Two days before she was about to be 'roasted' to benefit Variety Club of Des Moines which raises money for children's hospitals in Des Moines, she suffered a stroke. As strokes go, it was relatively mild, but she still is having to relearn walking and writing. Paul and I visited her in the hospital (where she had a whole florist shop of flowers and had already sent an equal amount she'd received to area nursing homes), and we found her annoyed by this hitch in her busy life, but in good spirits and intent on a full recovery. She's rehabilitating at home now. She's a fighter — obviously. She'll make it all the way back.

Jeff Danielson

You may remember that I mentioned this State Senator from Waterloo in a recent post. I had spent the day at the Iowa State Capitol, or "on the hill" as it's informally called around here and listened to him speak about his efforts to take down Citizens United, that abhorrent ruling by the Supreme Court of the United States that says corporations are people.

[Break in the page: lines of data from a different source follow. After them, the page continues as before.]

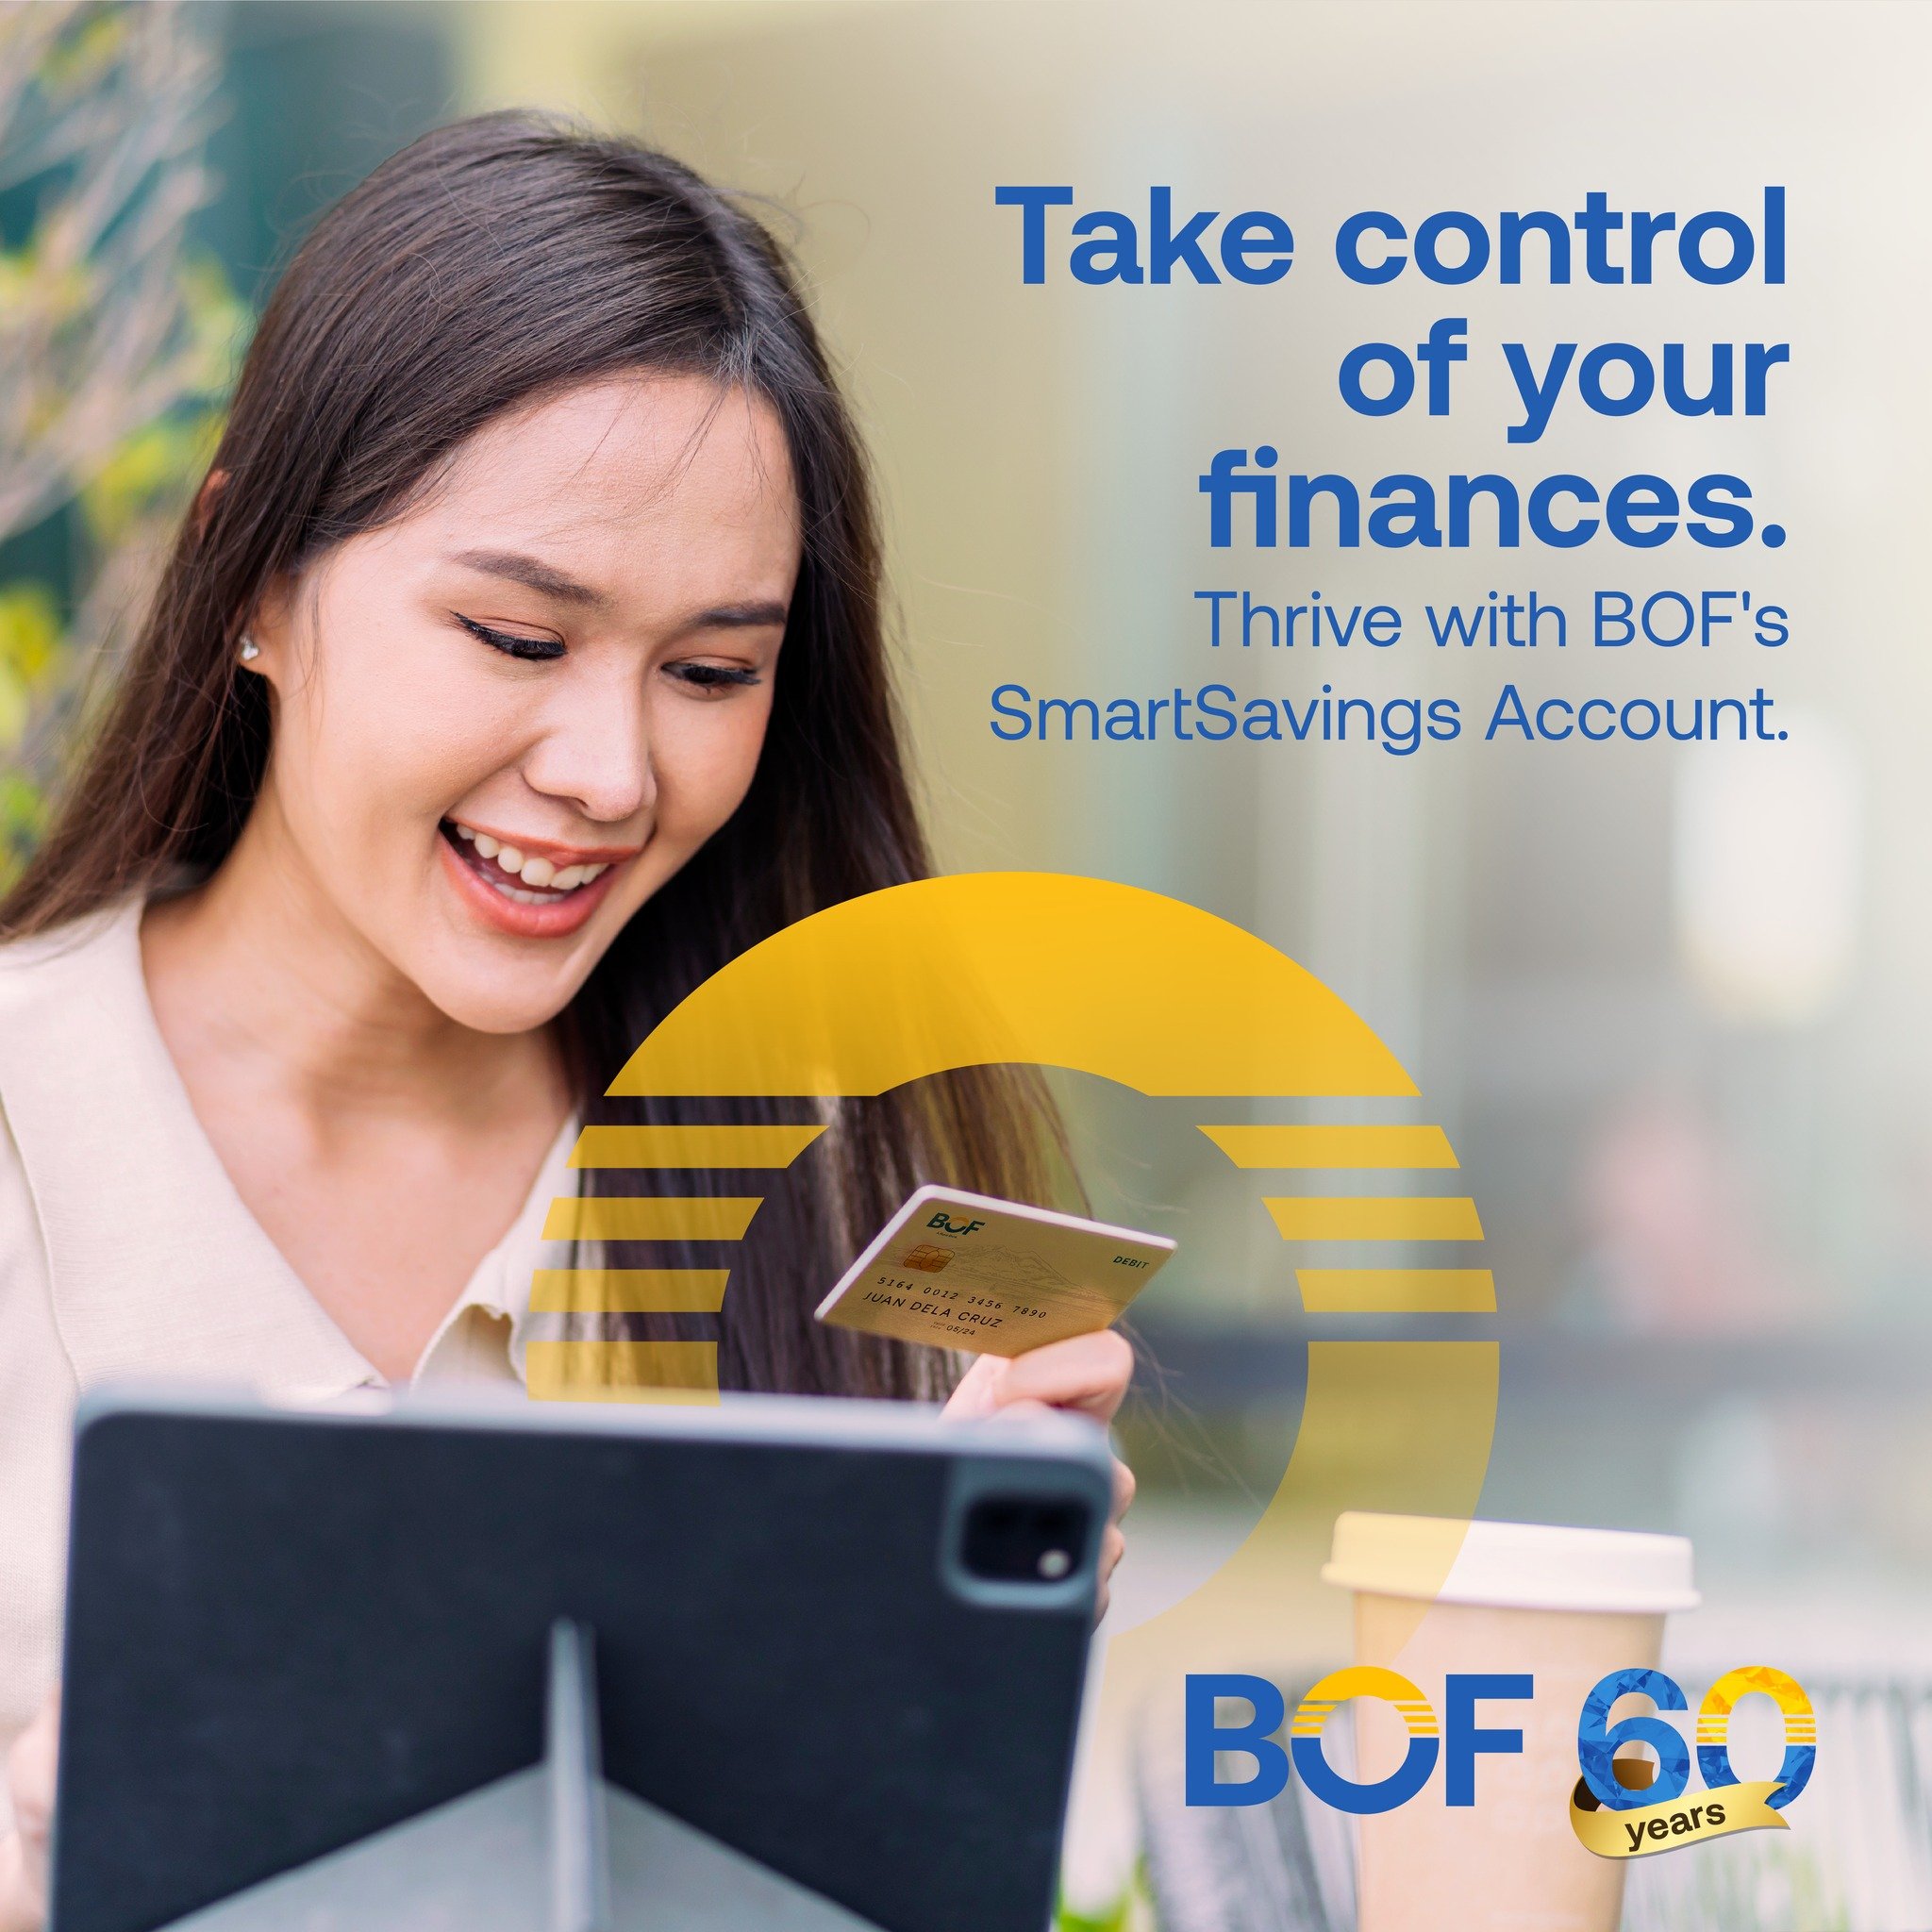 Ready to take charge of your financial future? Introducing BOF's SmartSavings Account &ndash; your key to financial empowerment and growth. Open an account now!

Visit our website to know more.
https://www.bof.com.ph/smartsavings

#BOF

BOF, Inc. (A 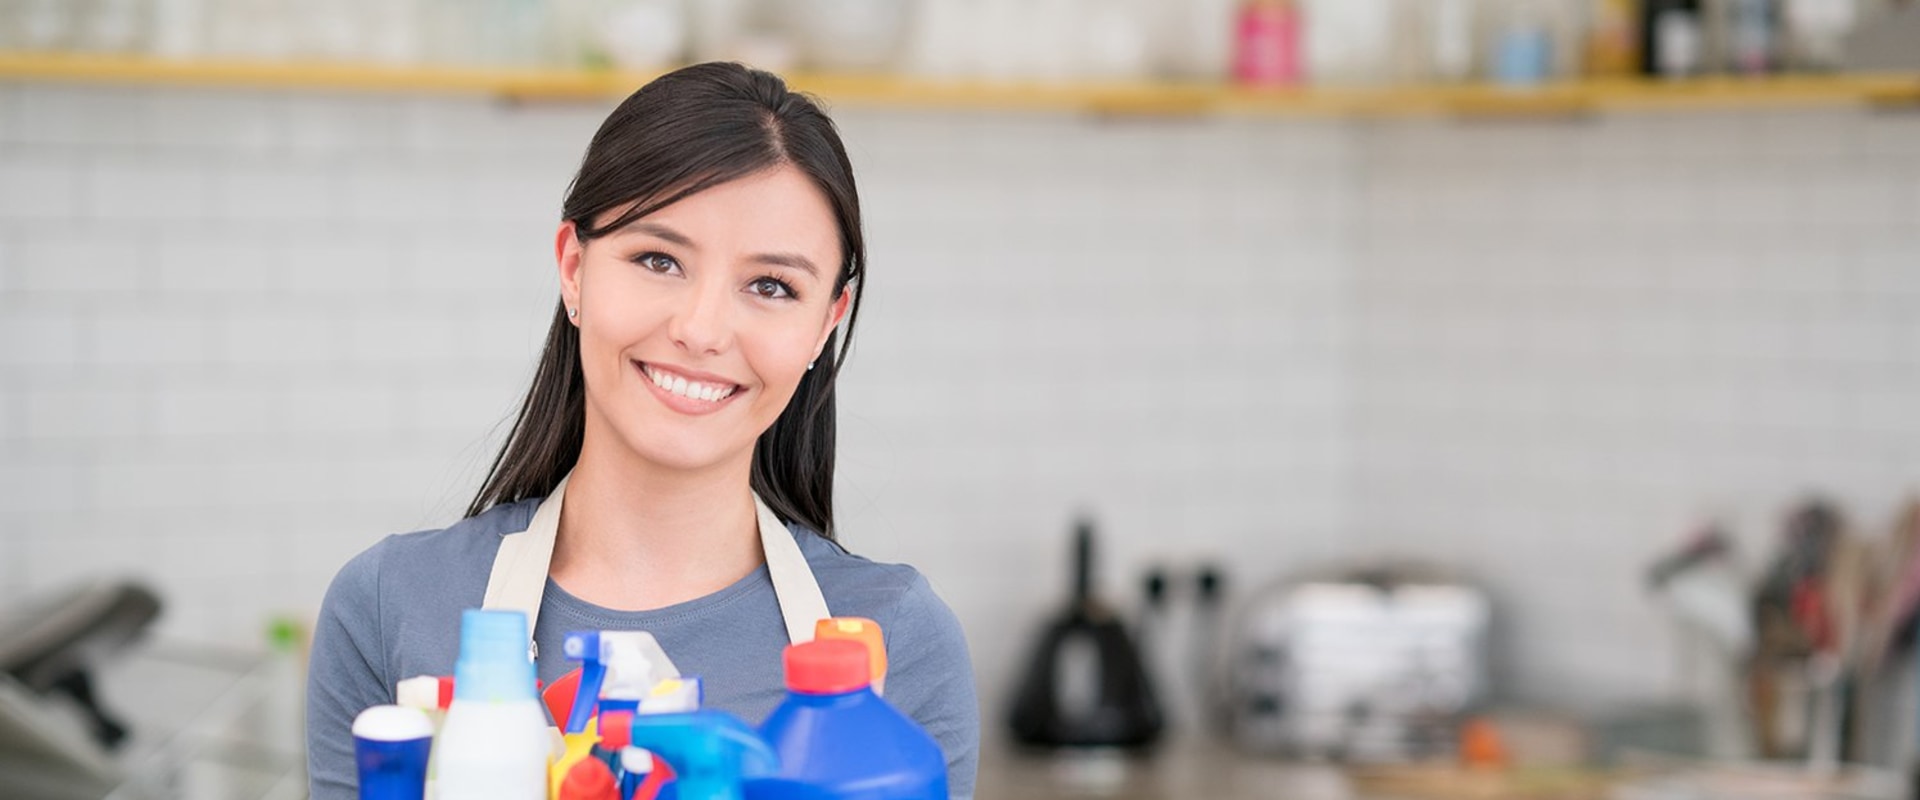 How profitable is a cleaning business?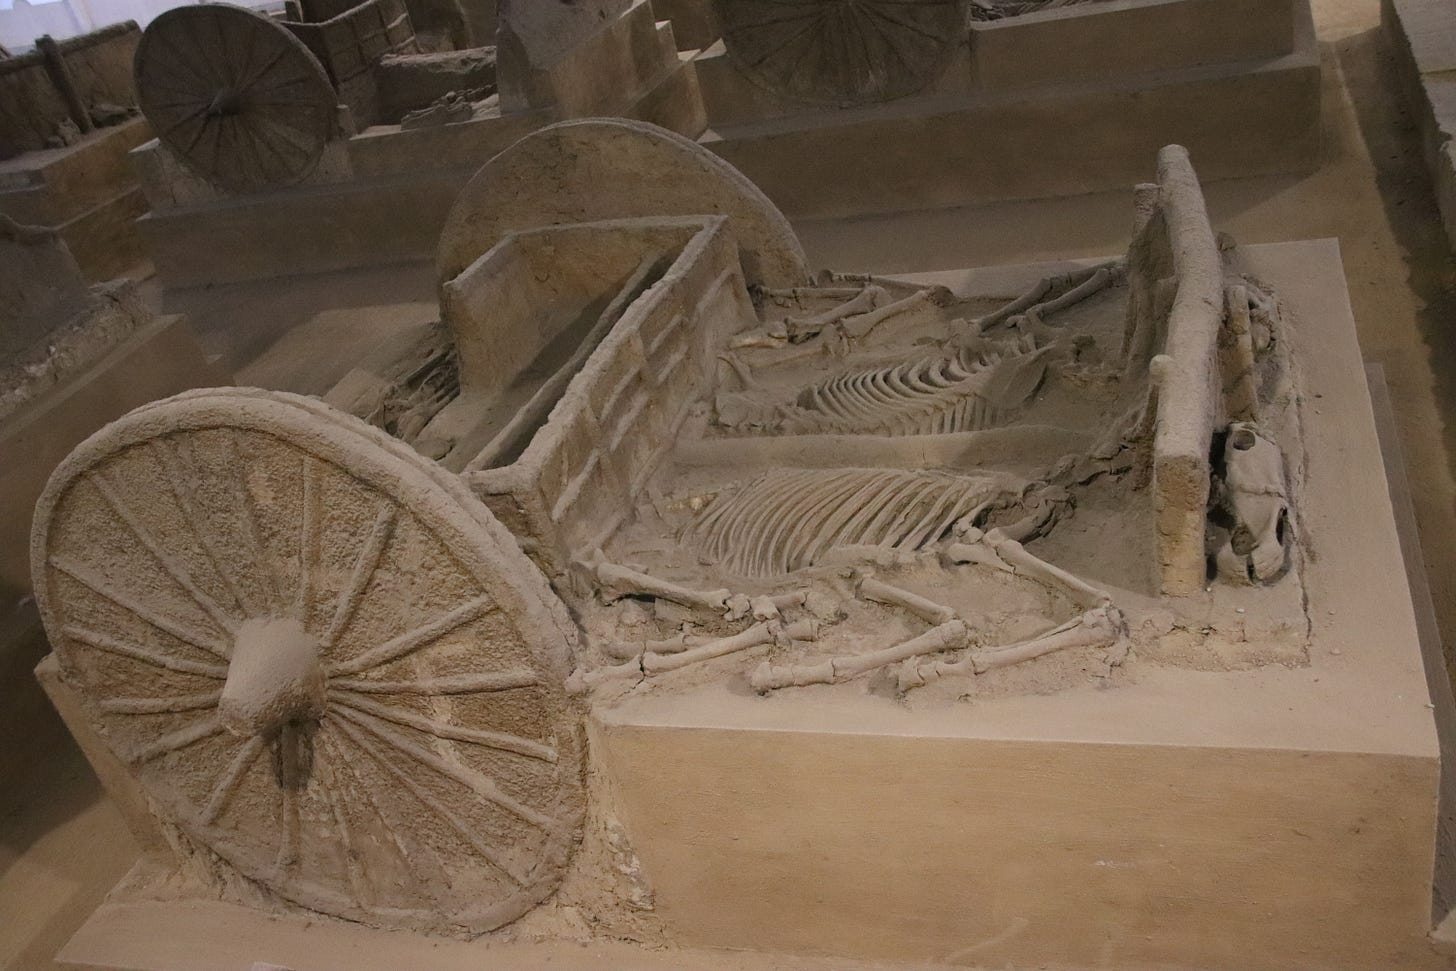 File:Shang Chariot Burial 01.jpg - Wikimedia Commons

I came away thinking that he has definite higher-office potential. A couple of weeks later Senator Tom Harkin announced that he would not seek sixth term in 2014, and CityView, a local weekly newspaper with actual reporters and staff, ran an article saying that Congressman Bruce Braley would run for Tom's seat, and Jeff Danielson was mentioned as a potential candidate for Bruce's seat in CongressIt sounds like Jeff isn't going to run, but . . . you heard it from me first that he has the makings.


Iowa State Senator, Jeff Danielson

United States Senator Tom Harkin

Congressman Bruce Braley

Governor Terry Branstad

This is old gossip I know, but here you go anyway. You may recall that a year ago I had the unexpected pleasure of sitting with Senator Tom Harkin at the Iowa Girls' High School Basketball Tournament. The seats were in a special reserved VIP section in the first row at center court, and it was great fun.

Governor Branstad was sitting two rows behind us, and I have to say that he looked perfectly awful. He was ashen and hardly moved or talked or reacted to anything going on. I kept looking back to see if he was still alive! Obviously he was because he's still with us, but it certainly didn't look like he had any blood flowing in his body. Conspiracy theory: Maybe he doesn't!!!!!!